### GIVEN RECORDS:
------------------------------
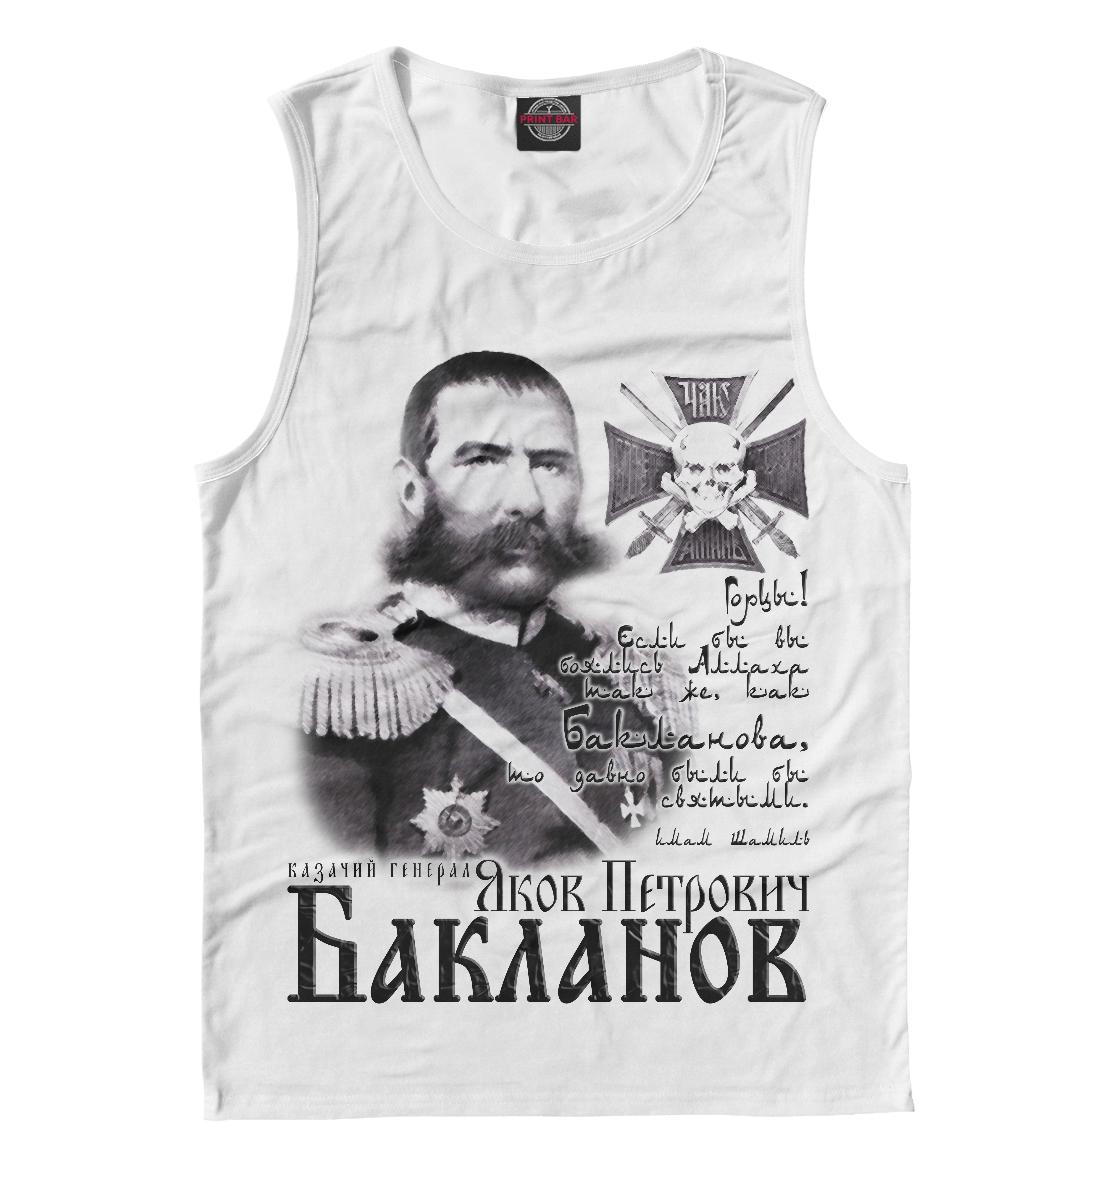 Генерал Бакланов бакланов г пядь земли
------------------------------
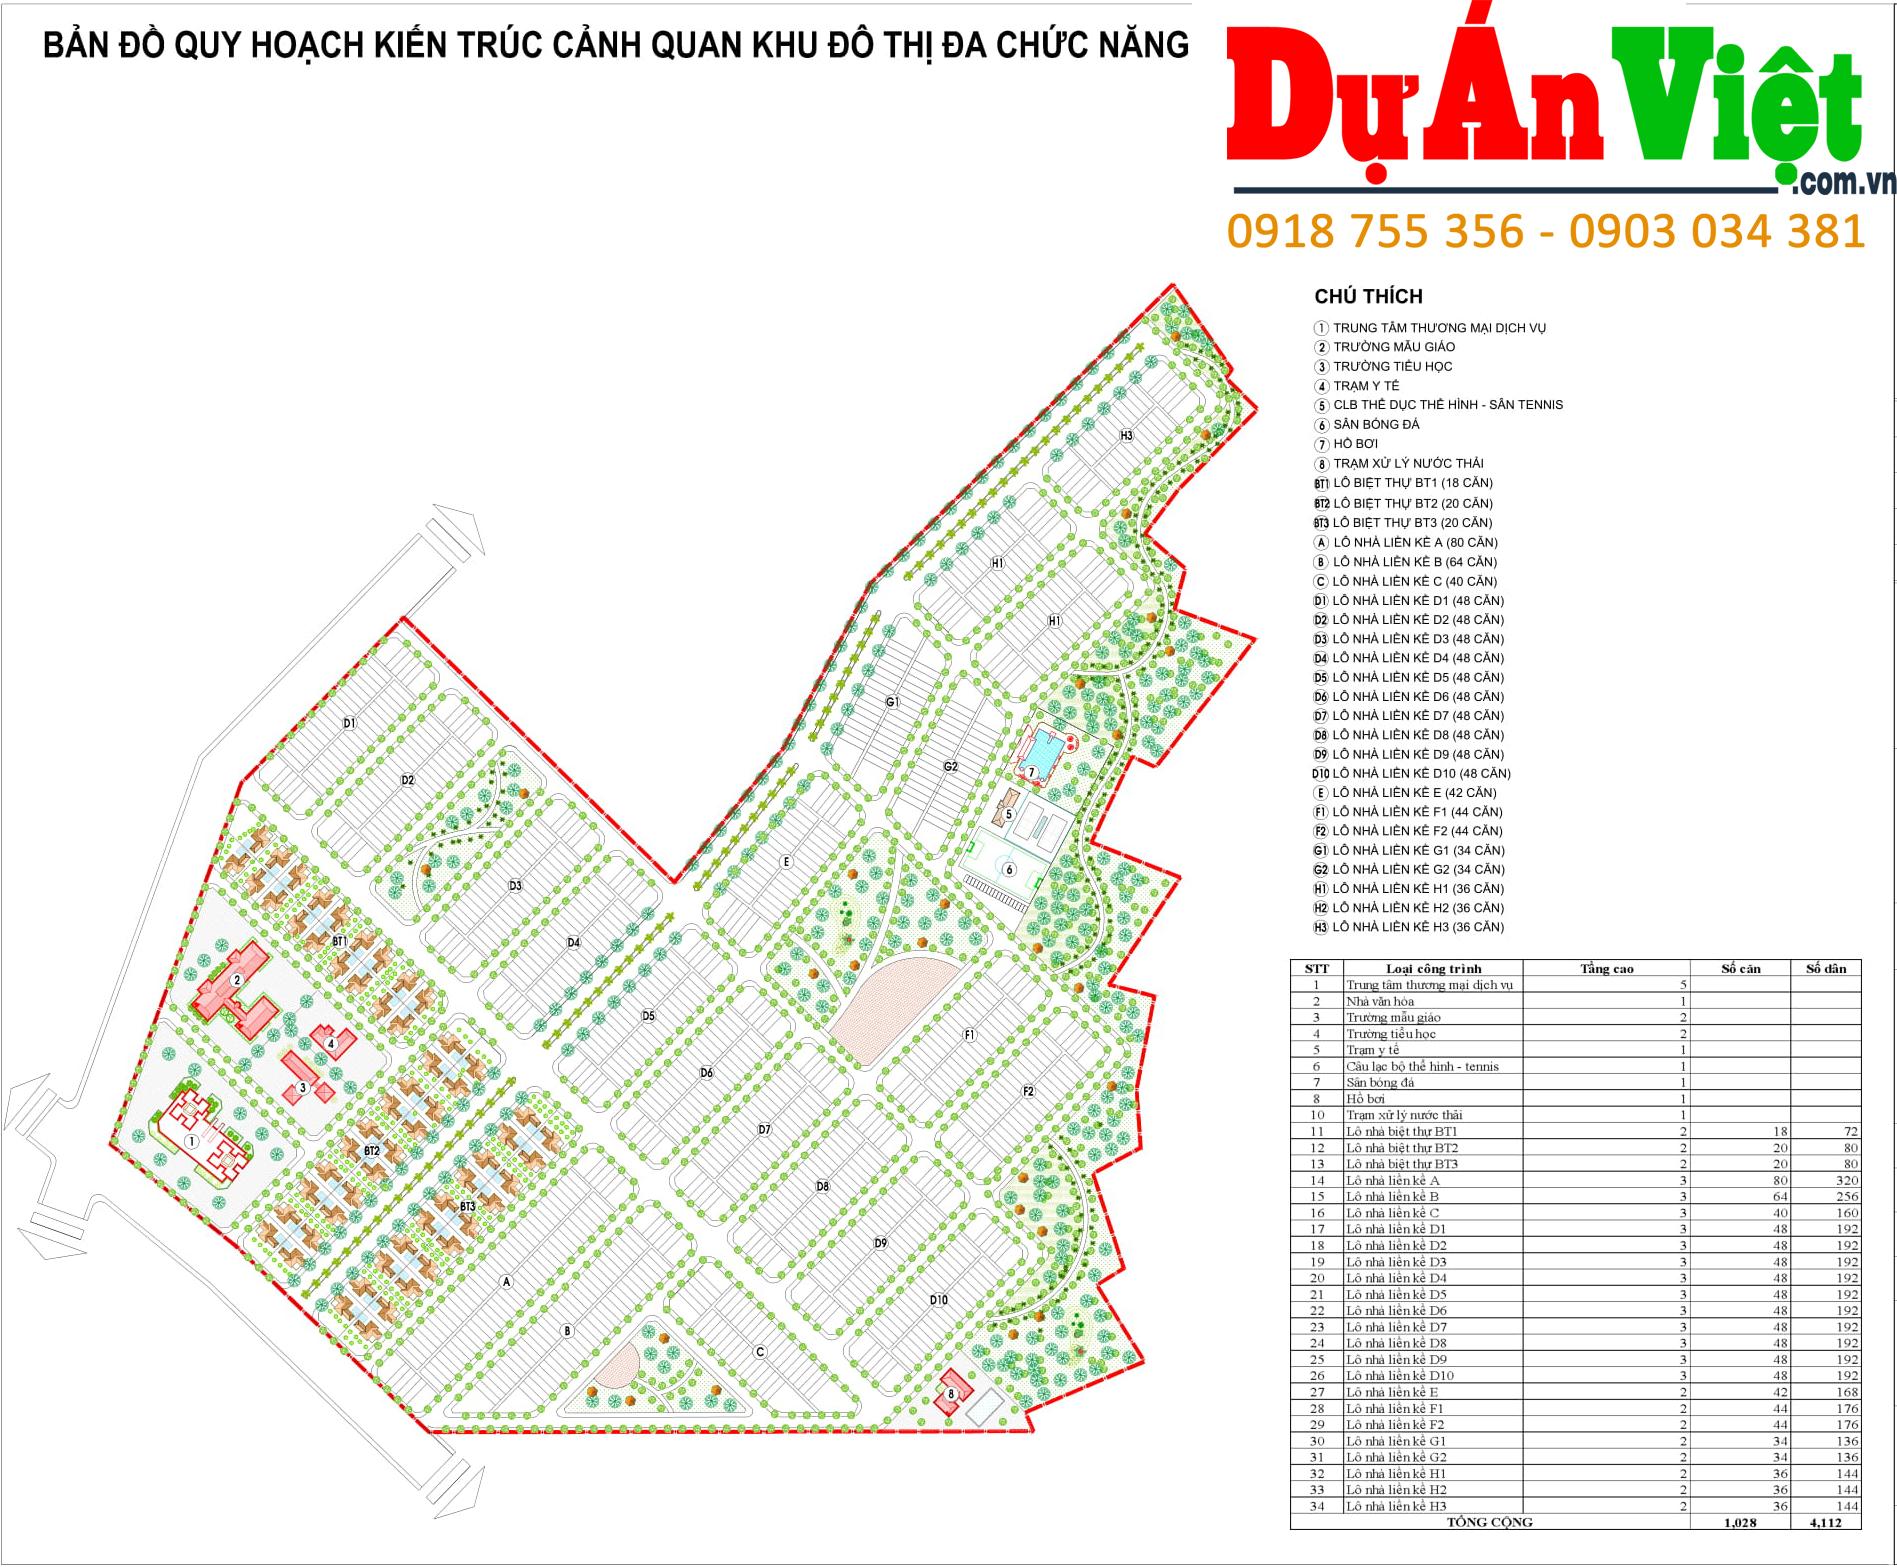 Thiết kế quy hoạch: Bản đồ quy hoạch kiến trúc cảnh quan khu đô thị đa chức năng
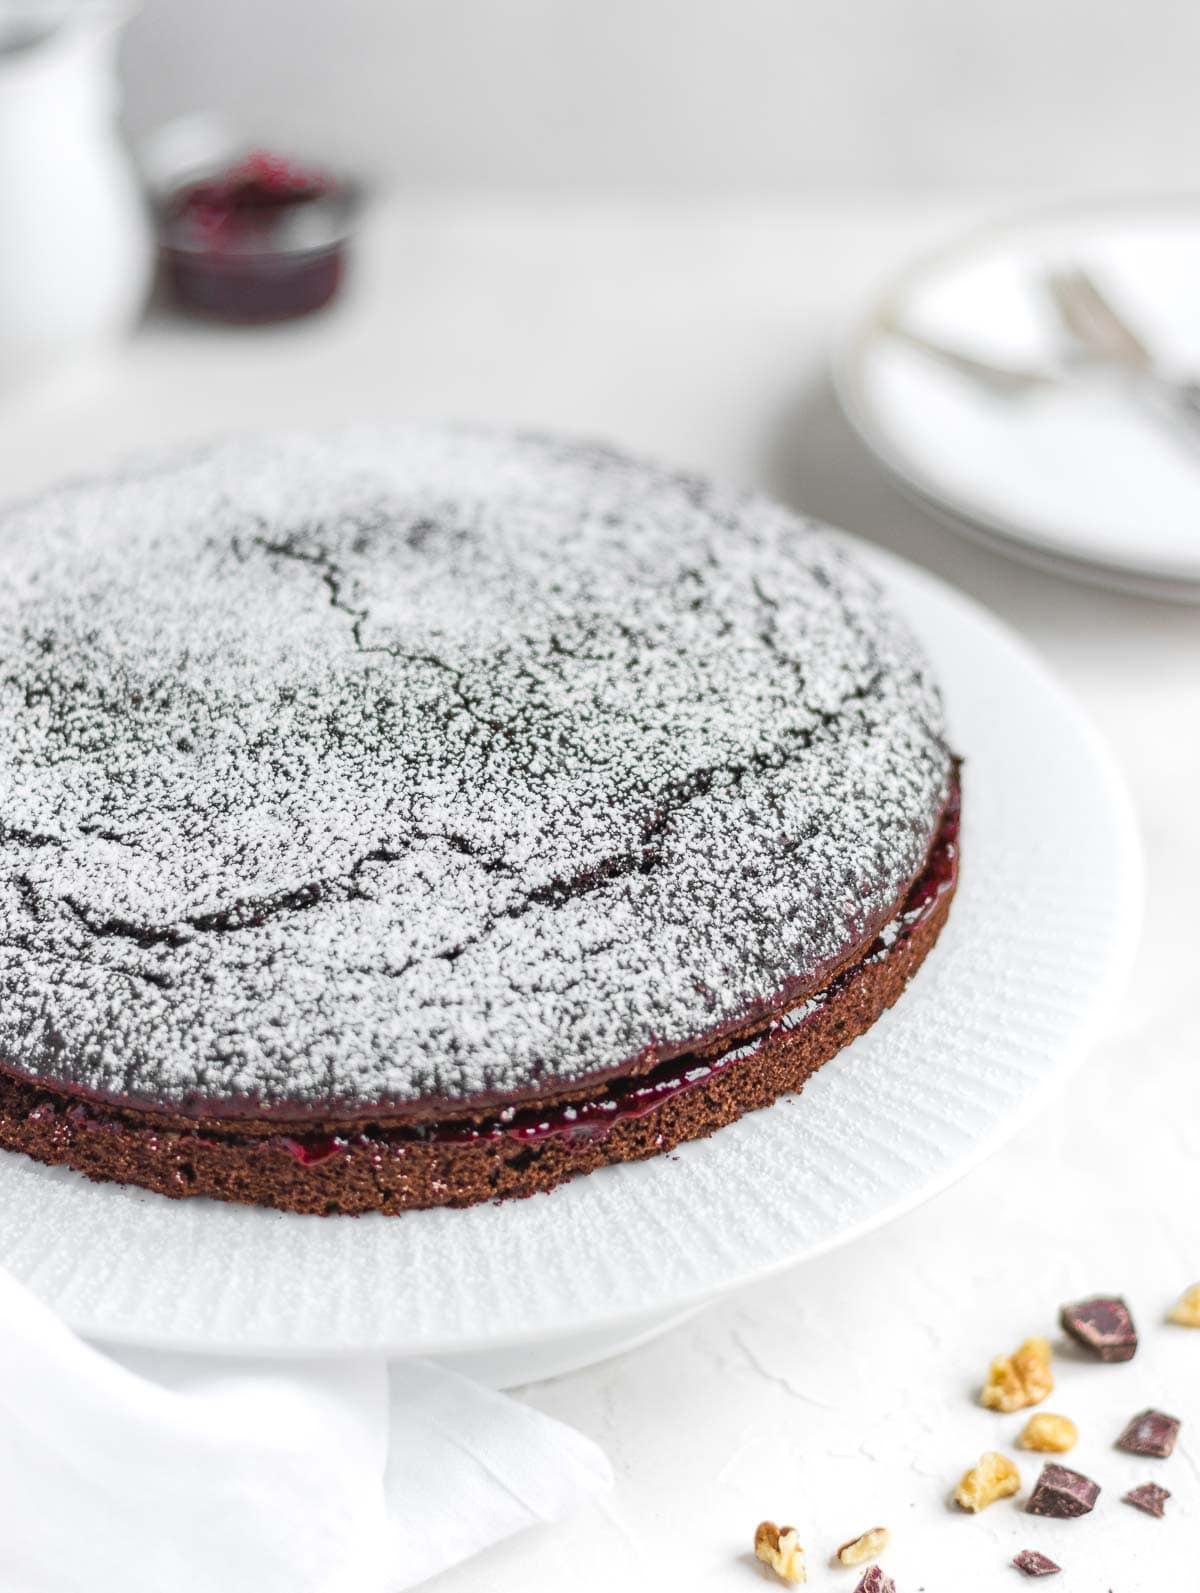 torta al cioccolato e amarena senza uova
------------------------------
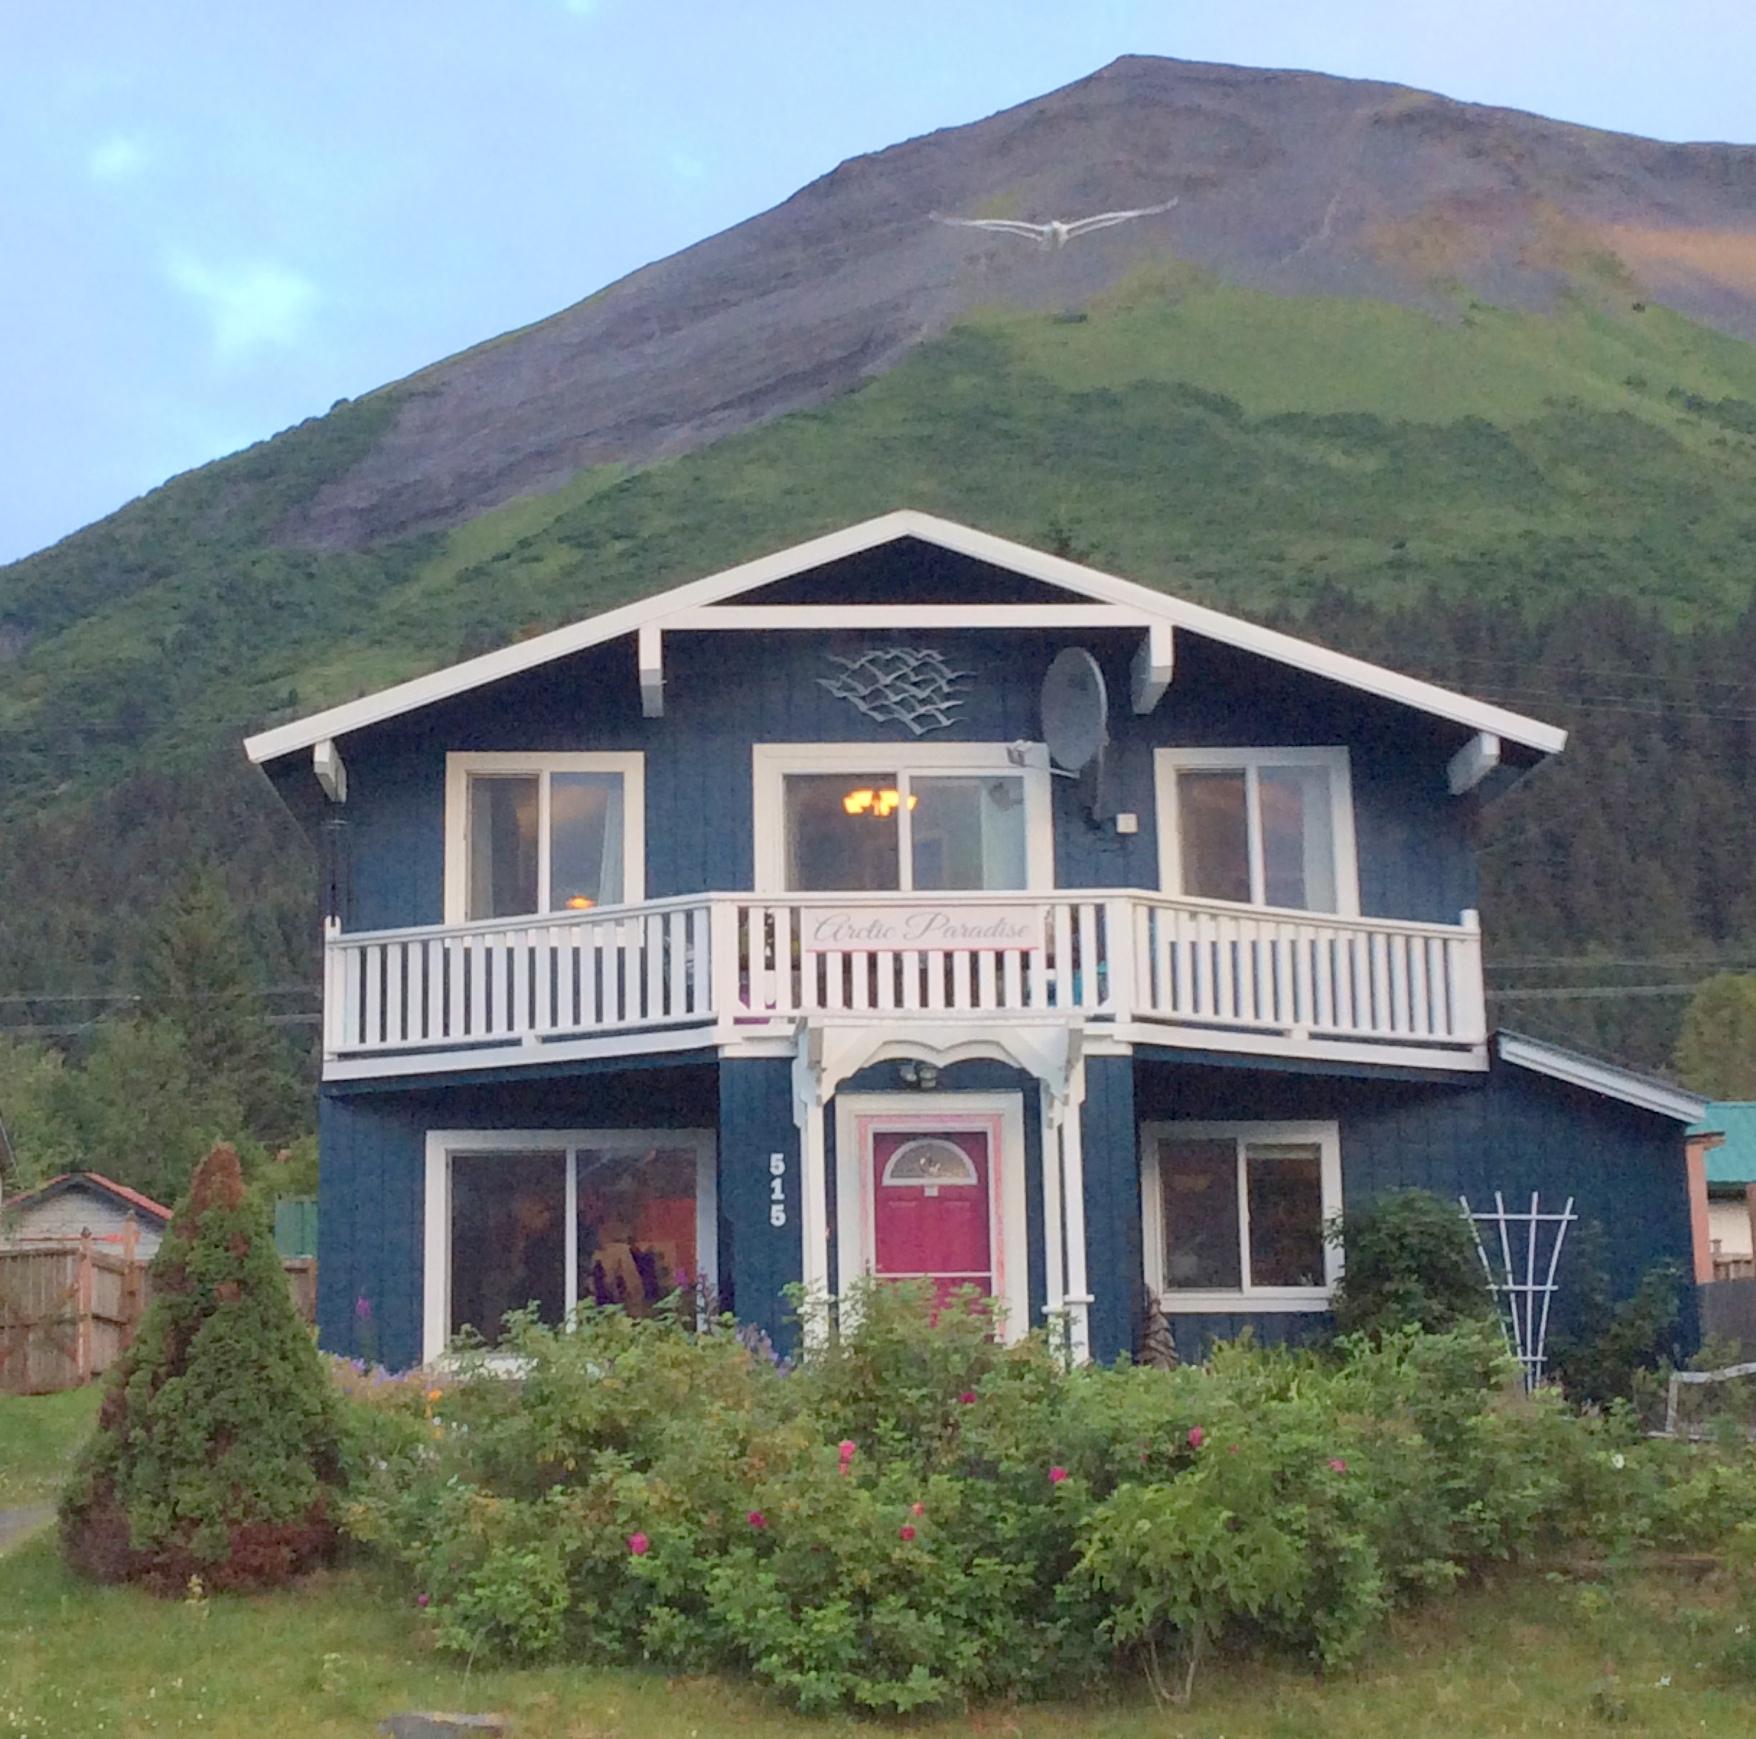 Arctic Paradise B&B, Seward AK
------------------------------
With pictures omitted, repeat the entries above word for word from the line holding "Thiết kế quy" down to the line holding "torta al cioccolato e amarena senza uova", keeping both of those lines.

### FINISHED EXERCISE:
 Thiết kế quy hoạch: Bản đồ quy hoạch kiến trúc cảnh quan khu đô thị đa chức năng
 torta al cioccolato e amarena senza uova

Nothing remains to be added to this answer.